RESEARCH & RESOURCES

Q&A: When is Your Predictive Analytics Team Ready for a Data Scientist?

A veteran industry consultant and mentor suggests building your predictive analytics team first, then bringing in a data scientist.

Data scientists are scarce, valuable, and costly, as you probably know if you've tried to hire one. In this two-part interview with industry veteran Keith McCormick, we explore the tremendous interest around the data scientist title and skill set, including how to structure your predictive analytics team to make best use of a data scientist, what skills to look for, and how to determine when it's time to hire (or bring on someone from within).

For additional thoughts from McCormick on becoming a data scientist, TDWI members can read our interview in the Volume 20, Number 3 issue of TDWI's Business Intelligence Journal.

McCormick is a senior consultant, mentor, and trainer with The Modeling Agency, which provides training, consulting services, and mentoring on data mining, predictive modeling, and analytics. McCormick has served as a keynote speaker and moderator at international conferences focused on both analytic practitioners and leadership. Since 1990, he has been designing and developing advanced analytic solutions involving structured, text, and big data analytics using both popular commercial solutions and open source tools.

McCormick spoke at a recent TDWI Webinar, Your First Hire in Predictive Analytics (Hint: It's Not a Data Scientist).

In this first part of a two-part interview, he discusses the role of a data scientist on a predictive analytics team and how to save money by building the analytics team first, then bringing in a data scientist.

BI This Week: As you pointed out in a recent TDWI Webinar, the term "data scientist" has been around for a while. Why is there such focus now on finding and hiring data scientists?

Keith McCormick: What's happening is -- to get a little colorful with my metaphors -- everyone wants to just add water and have a data science practice. Companies seems to think that if they can manage to attract that person with the most experience, the longest resume, the most letters after their name, a Ph.D.-type person -- if they just make that hire, everything else will fall into place.

But like most things in business transformation, it's just not that easy.

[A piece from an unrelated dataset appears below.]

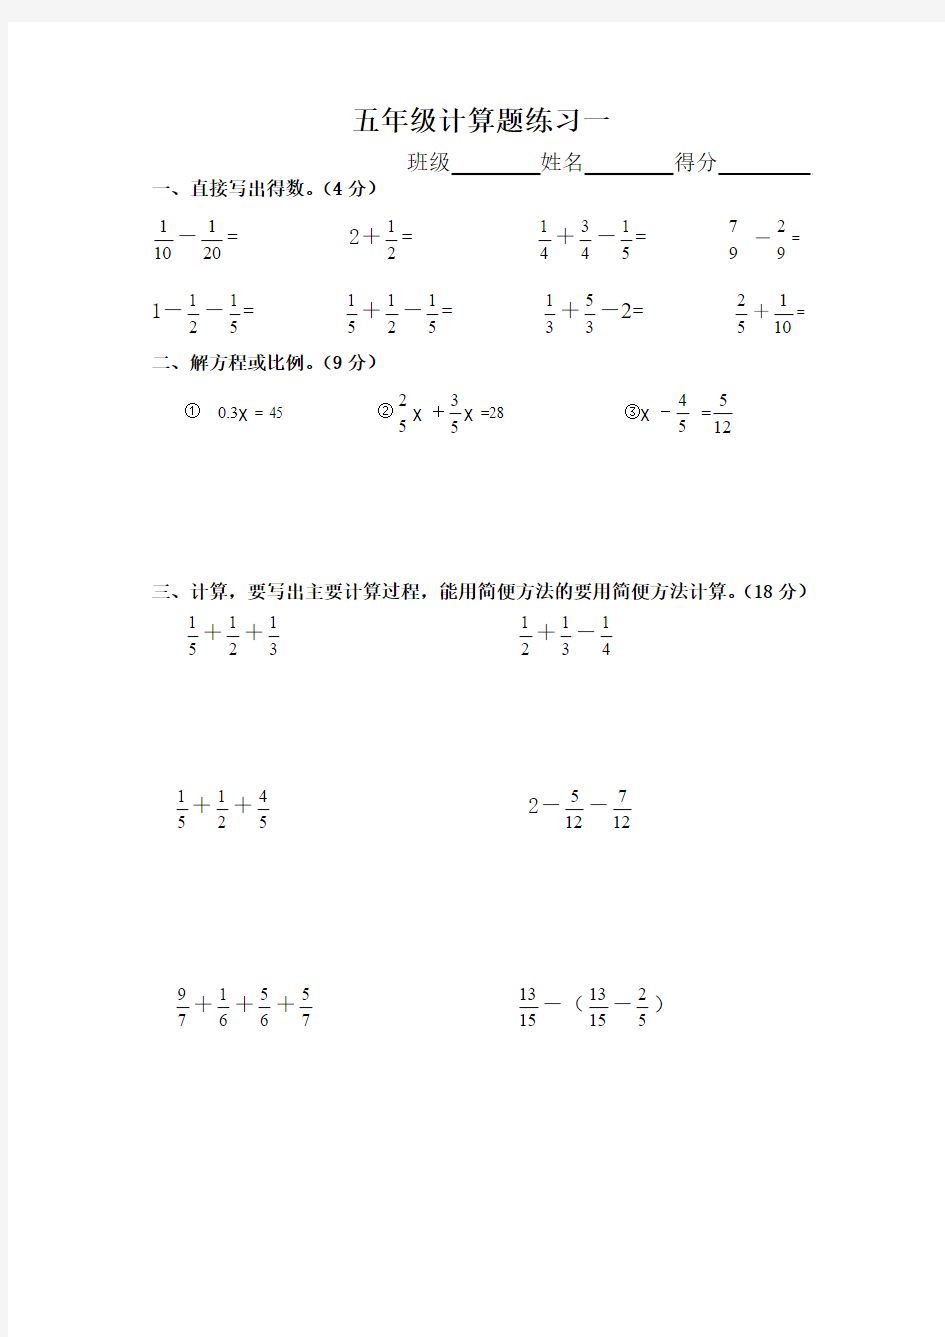 人教版五年级下册数学计算题练习10套暑期作业 可编辑打印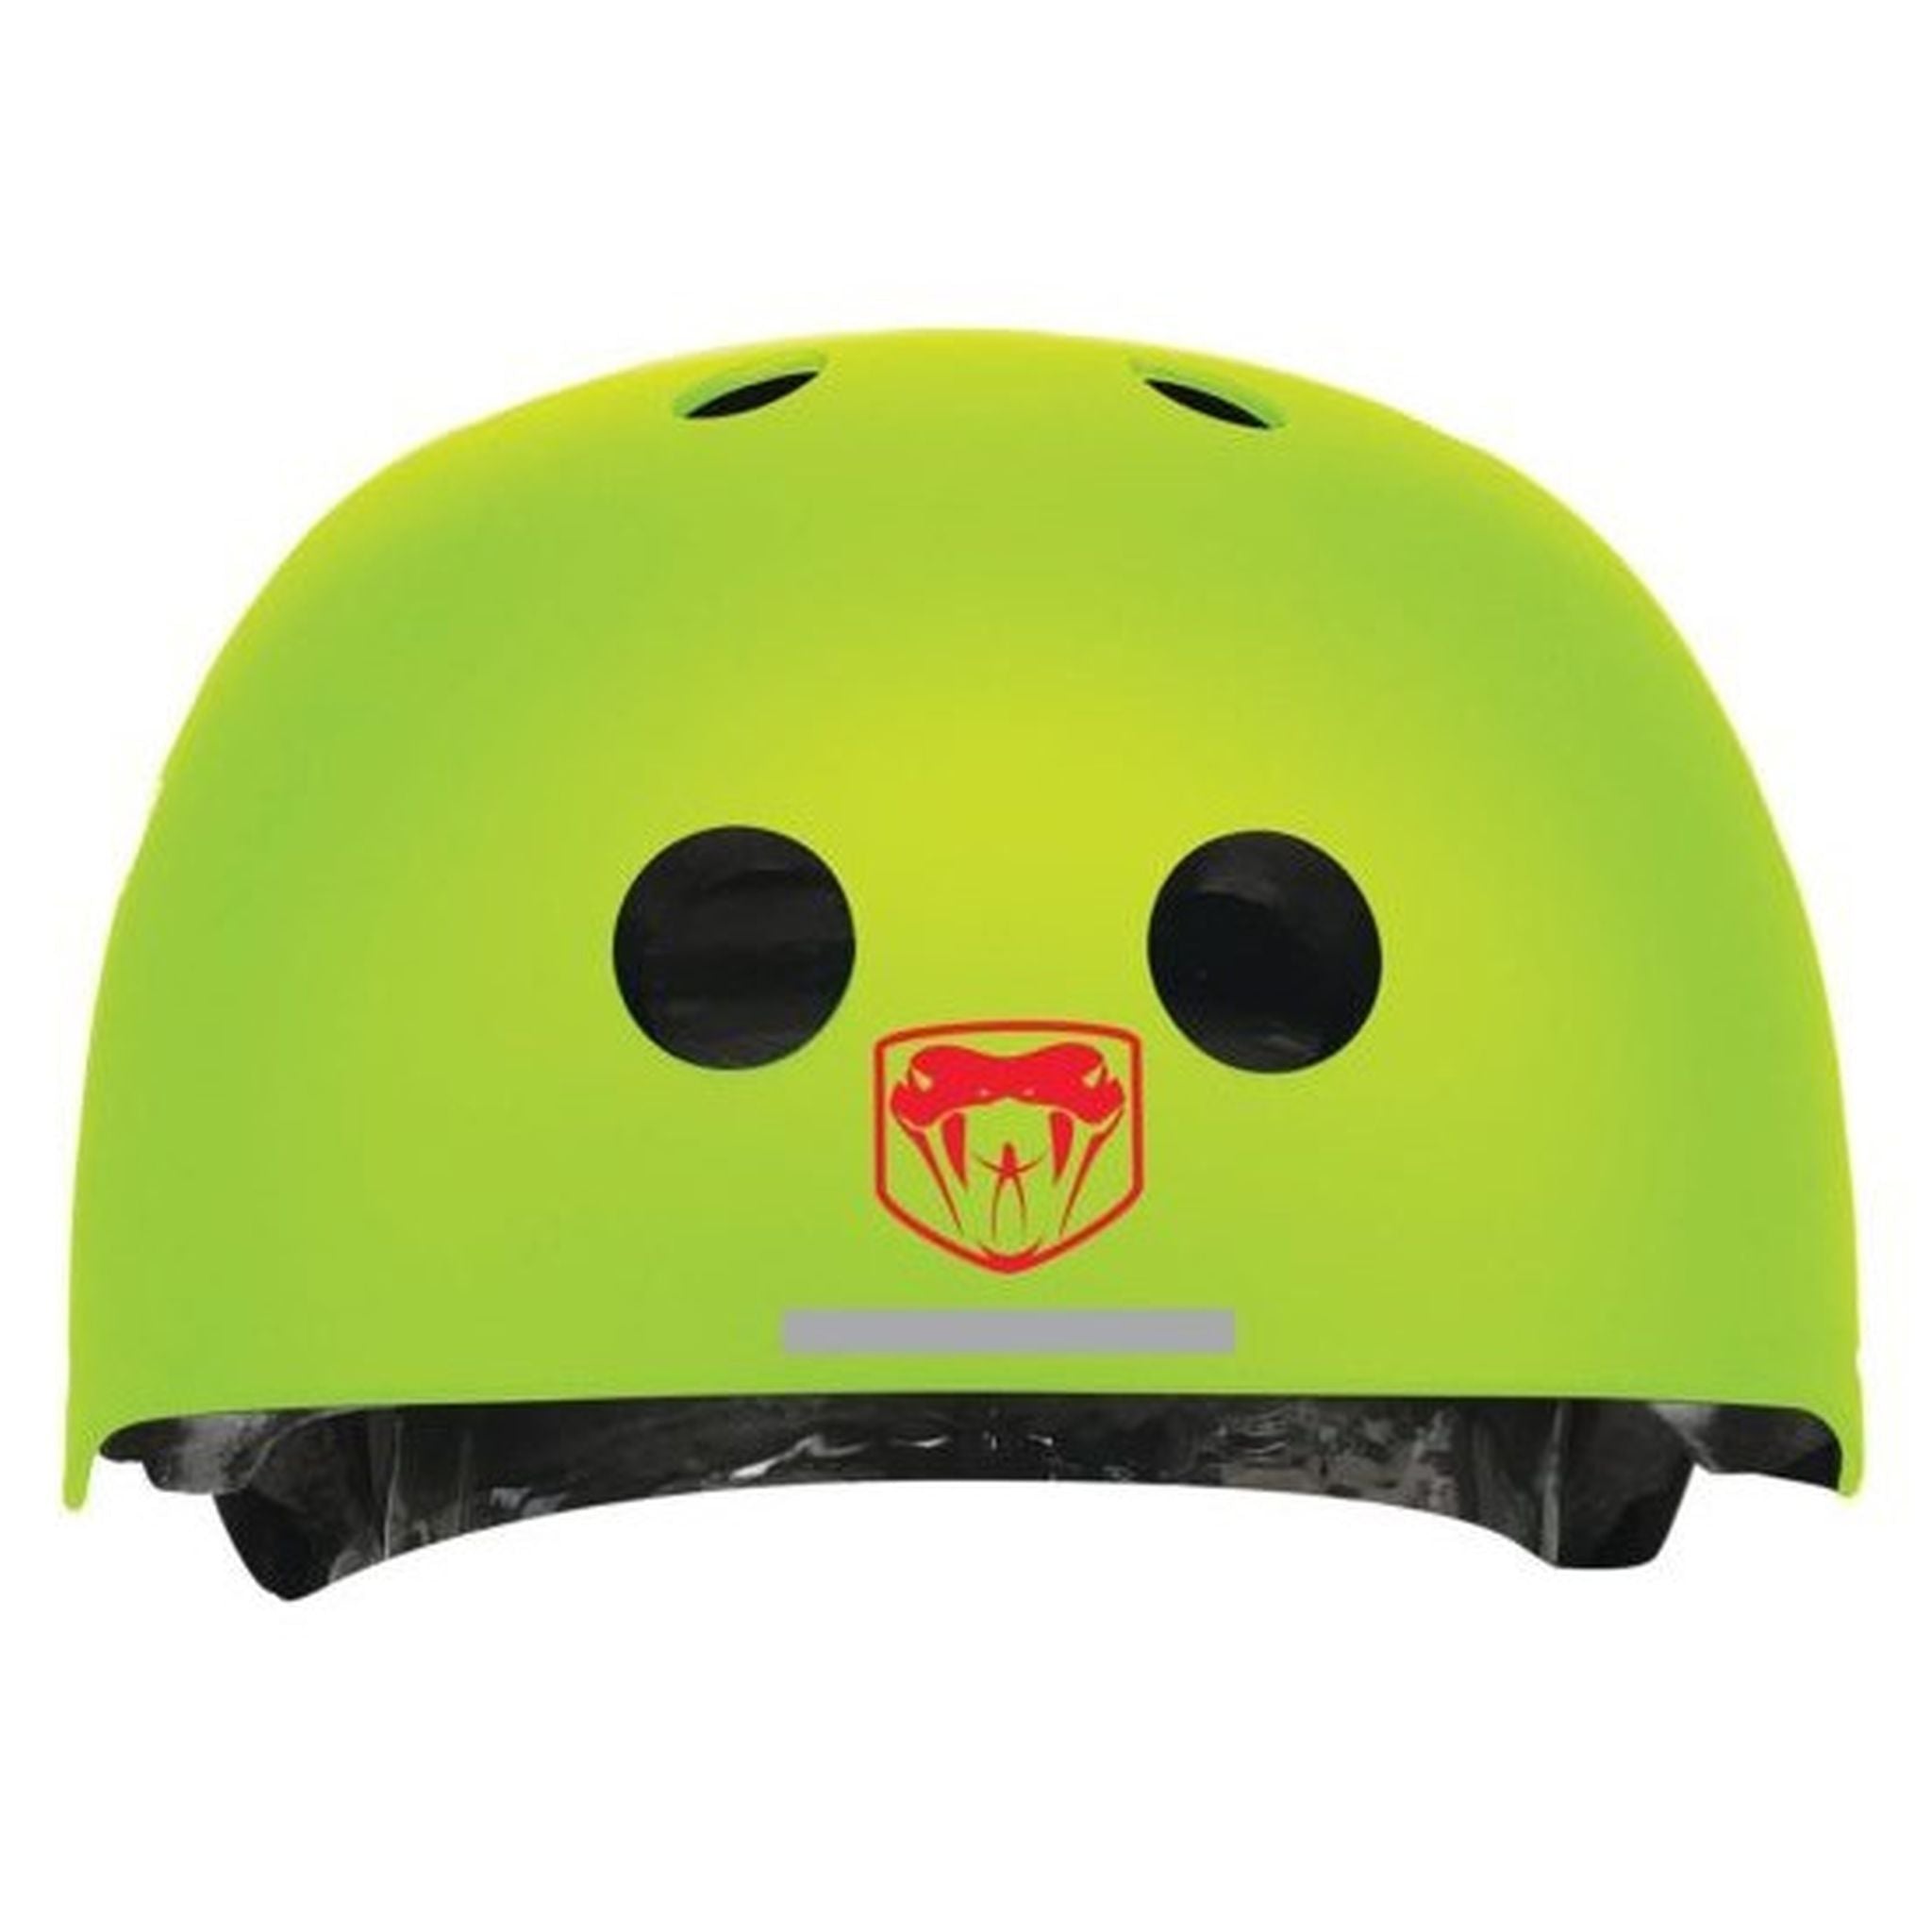 Adrenalin Cross Sports Pro Adjustable Helmet

In my experience, if you're going to attract and keep a data scientist and have them be at their most useful throughout their employ, you have to do some preparation before they arrive. They can't be Step One in your business transformation. The first step is starting to build the human resources around what might eventually become a predictive analytics team.

What's happening is that some organizations are a bit intimidated by the most technical aspects of [predictive analytics]. They think, "Oh my gosh, I don't even know how to interview this kind of person. I'm just going to search for people on LinkedIn, and if they have the skill, let's just bite the bullet and get the most experienced, most titled person we can, and they'll help us make all these other decisions."

They know that they need somebody who has some of these skills -- and they probably do -- but they fall into the trap of thinking that they have to compete for the top person. That competition, of course, is driving salaries up, but a Ph.D. in statistics is not always also a good IT manager. A Ph.D. in stats doesn't necessarily know Hadoop. Those are just examples, but you can see where I'm going here. Getting somebody with the longest technical resume isn't necessarily the same as getting someone who can successfully lead your business transformation.

When we talk about a data scientist, are we always talking about hiring someone to lead a predictive analytics effort?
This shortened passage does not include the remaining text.